Work task: Do not include the pictures; repeat the rest of the data exactly.

Given information:
=== Begin Enclosure ===
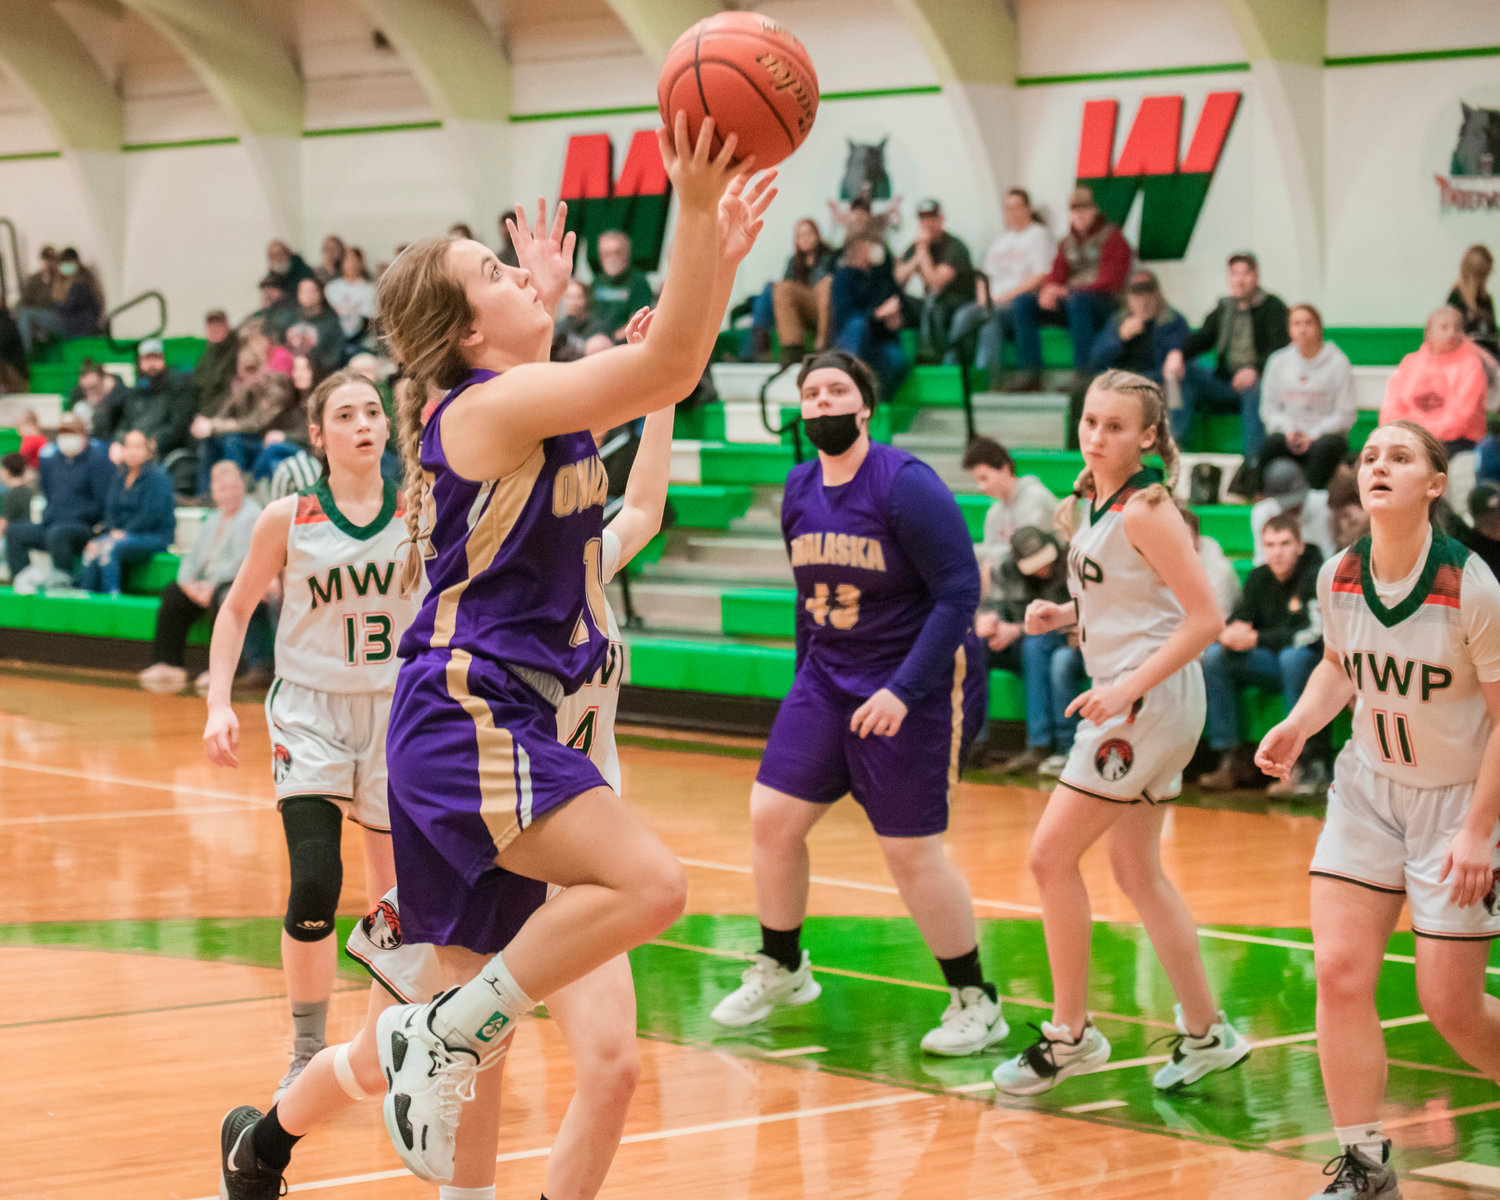 Onalaska’s Callie Lawrence (21) goes up with the ball during a game Saturday in Morton.
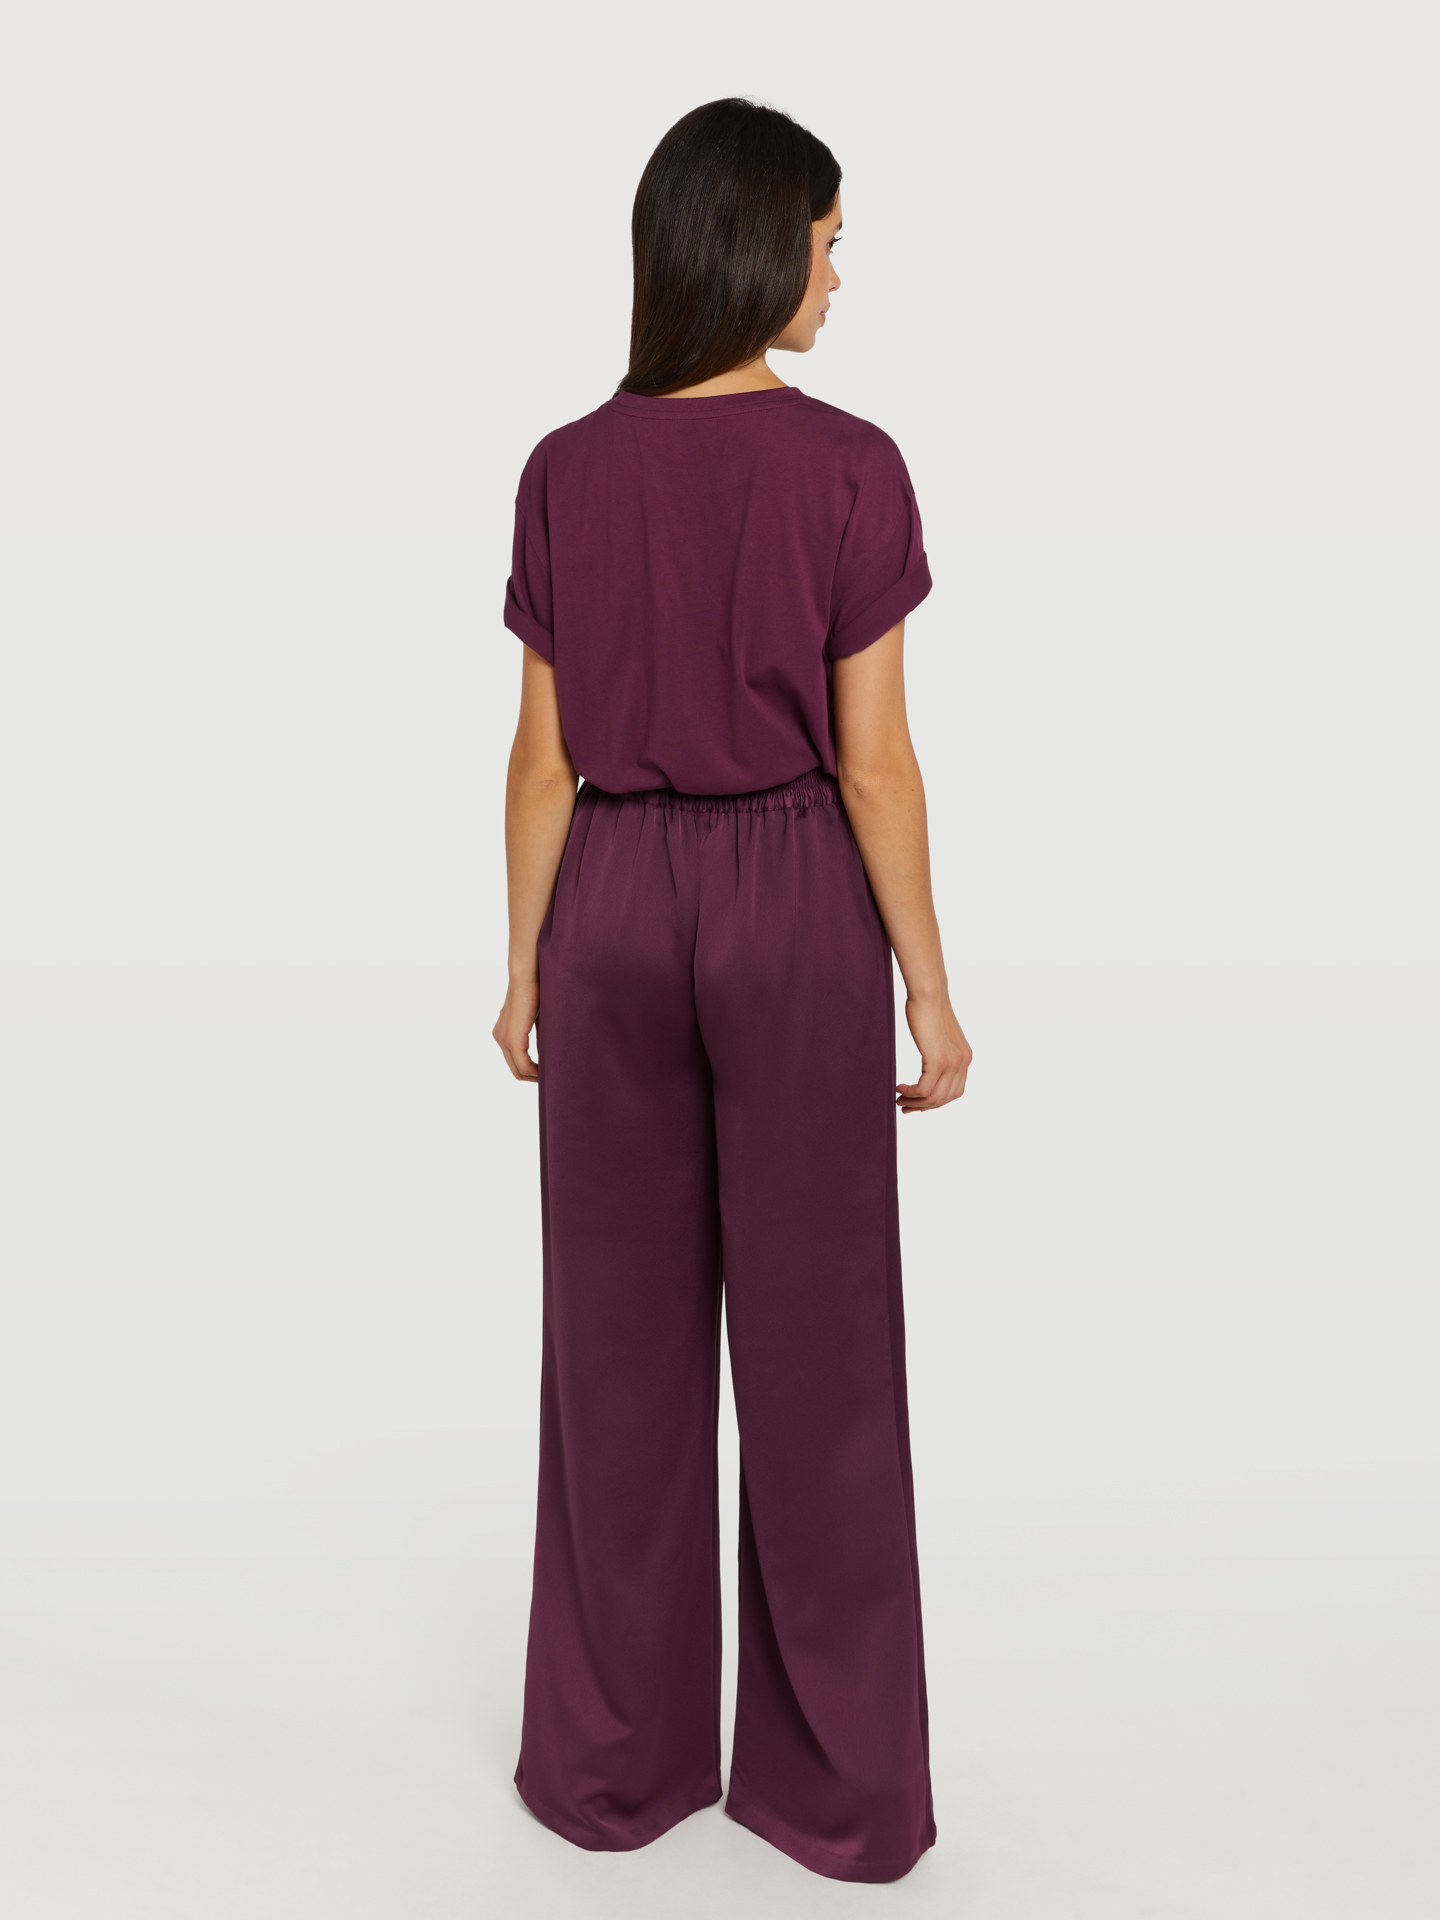 Trousers Plum Casual Woman
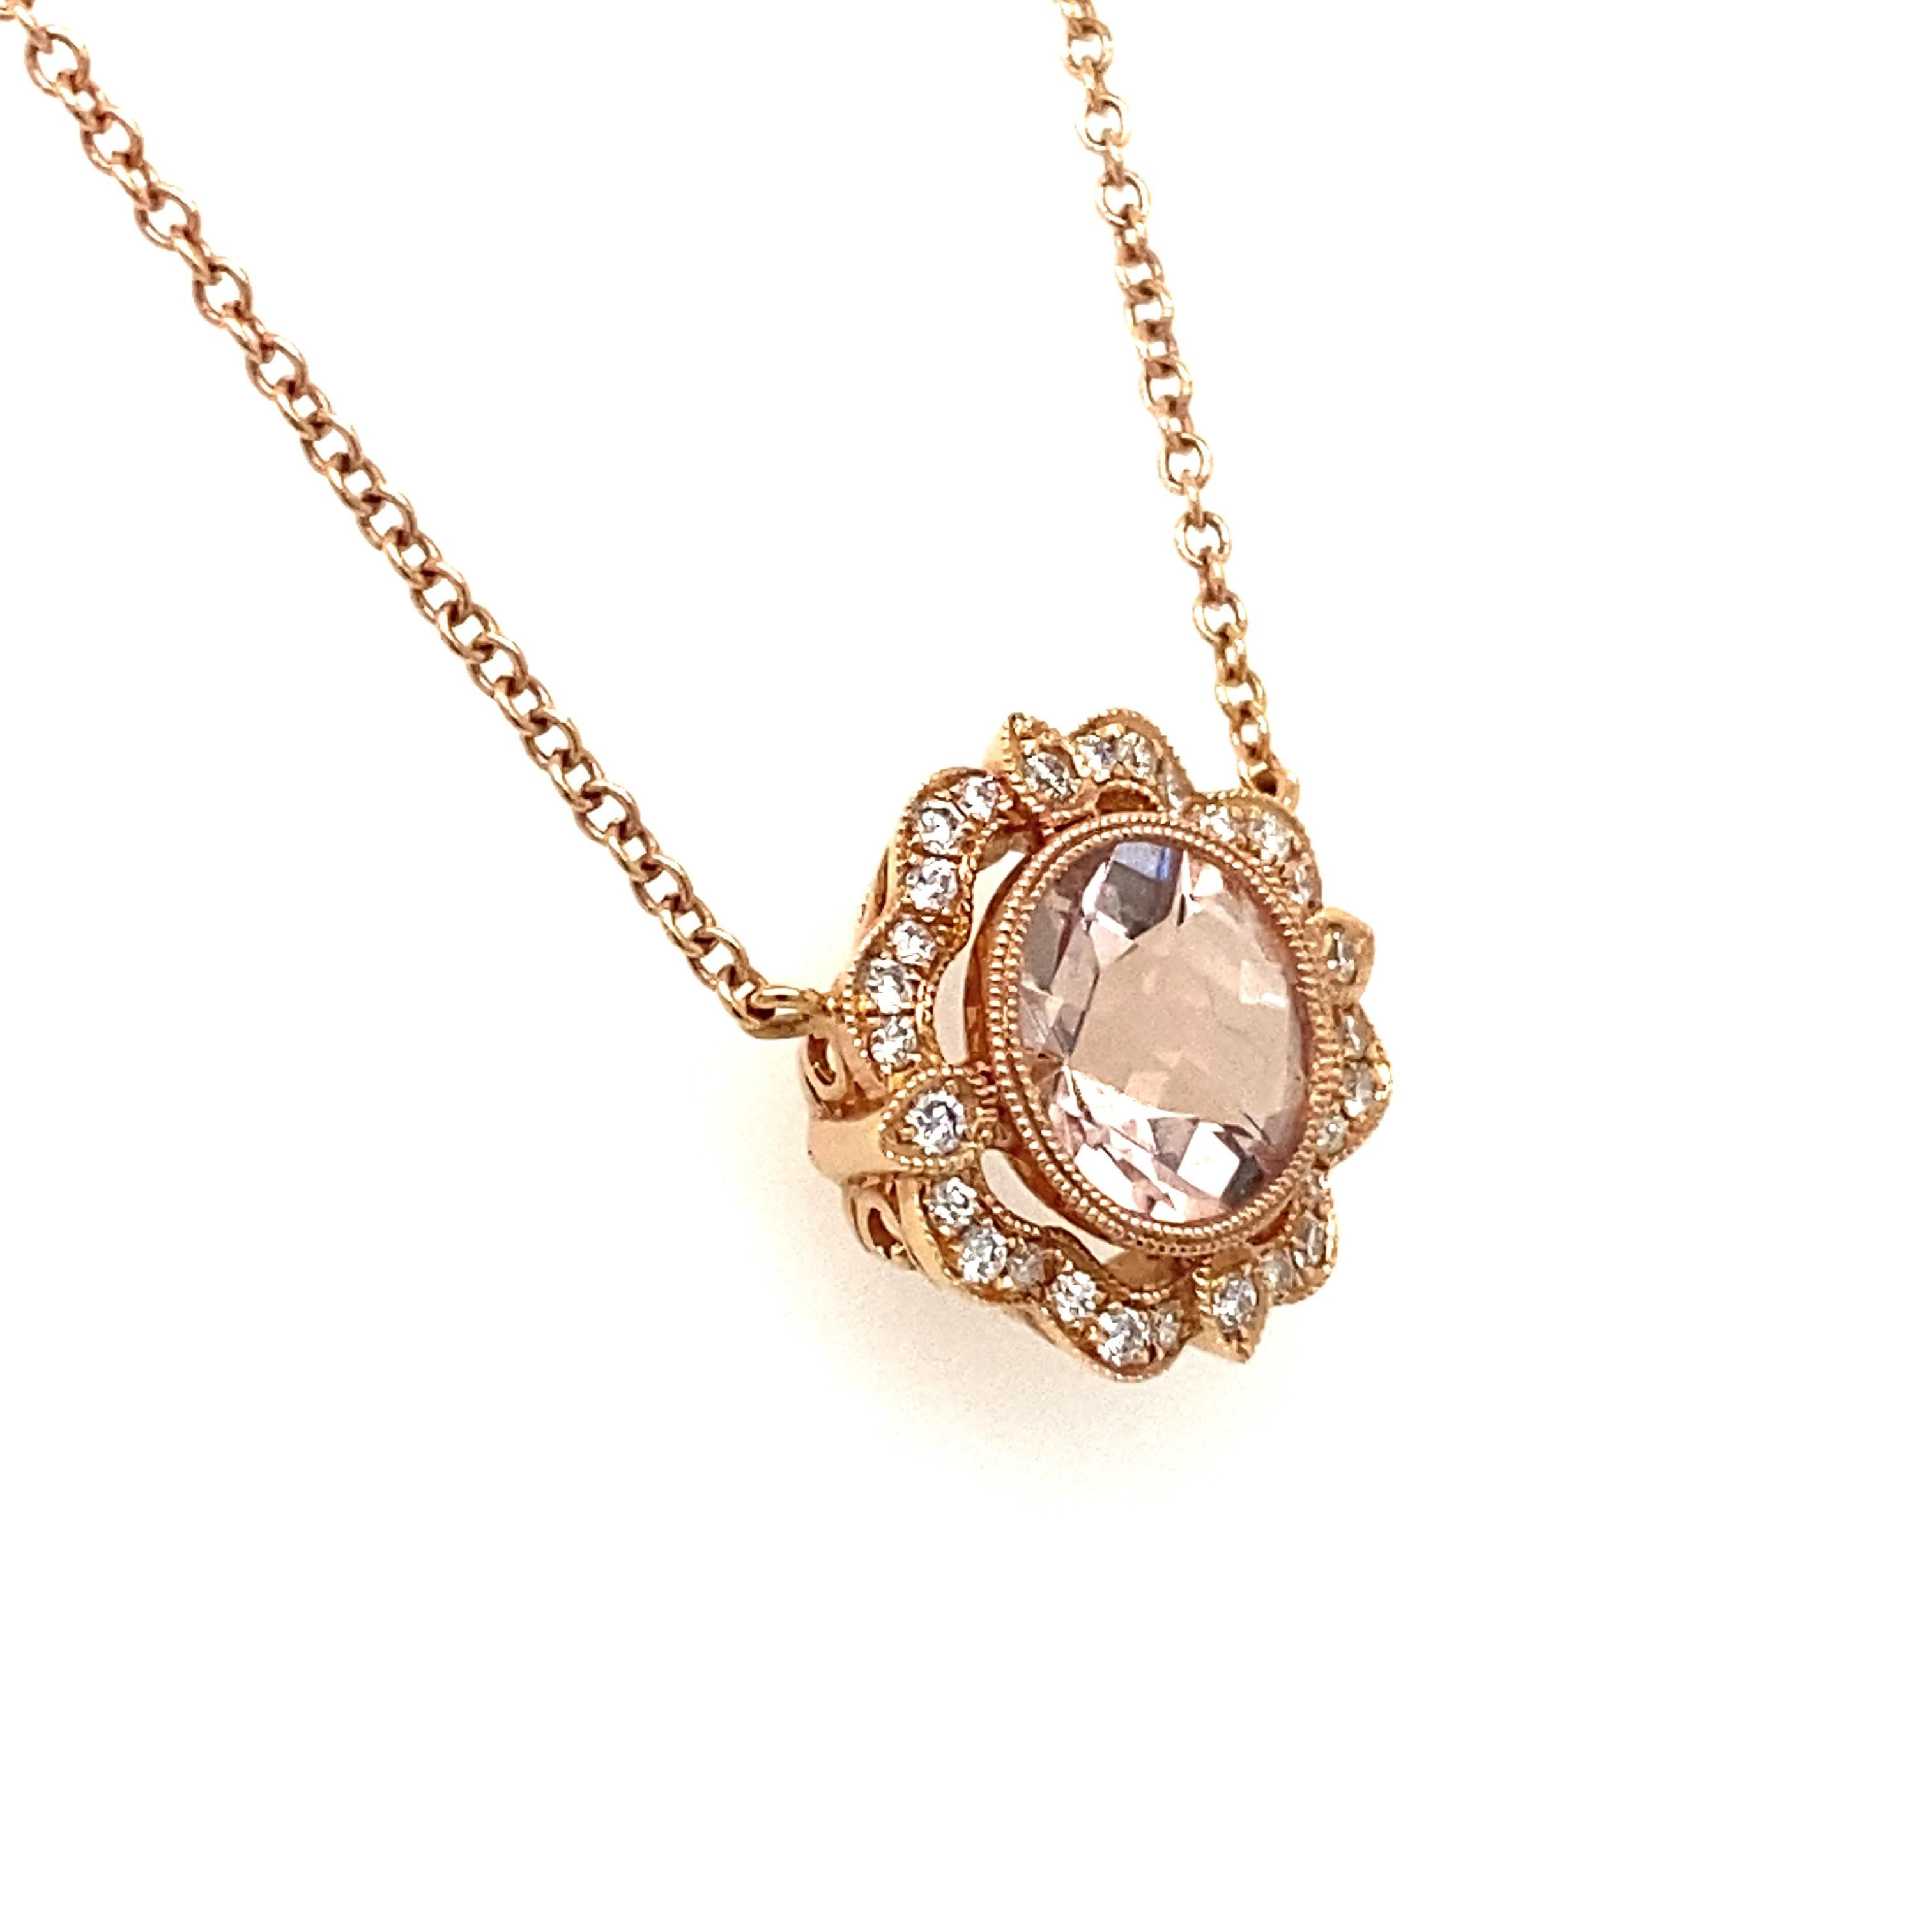 18 karat rose gold Morganite pendant necklace with diamond accents. 28 diamonds 0.18 carat total weight. 18 inch long chain.
=== End Enclosure ===
Solution:
 Onalaska’s Callie Lawrence (21) goes up with the ball during a game Saturday in Morton.
 Trousers Plum Casual Woman
 18 karat rose gold Morganite pendant necklace with diamond accents. 28 diamonds 0.18 carat total weight. 18 inch long chain.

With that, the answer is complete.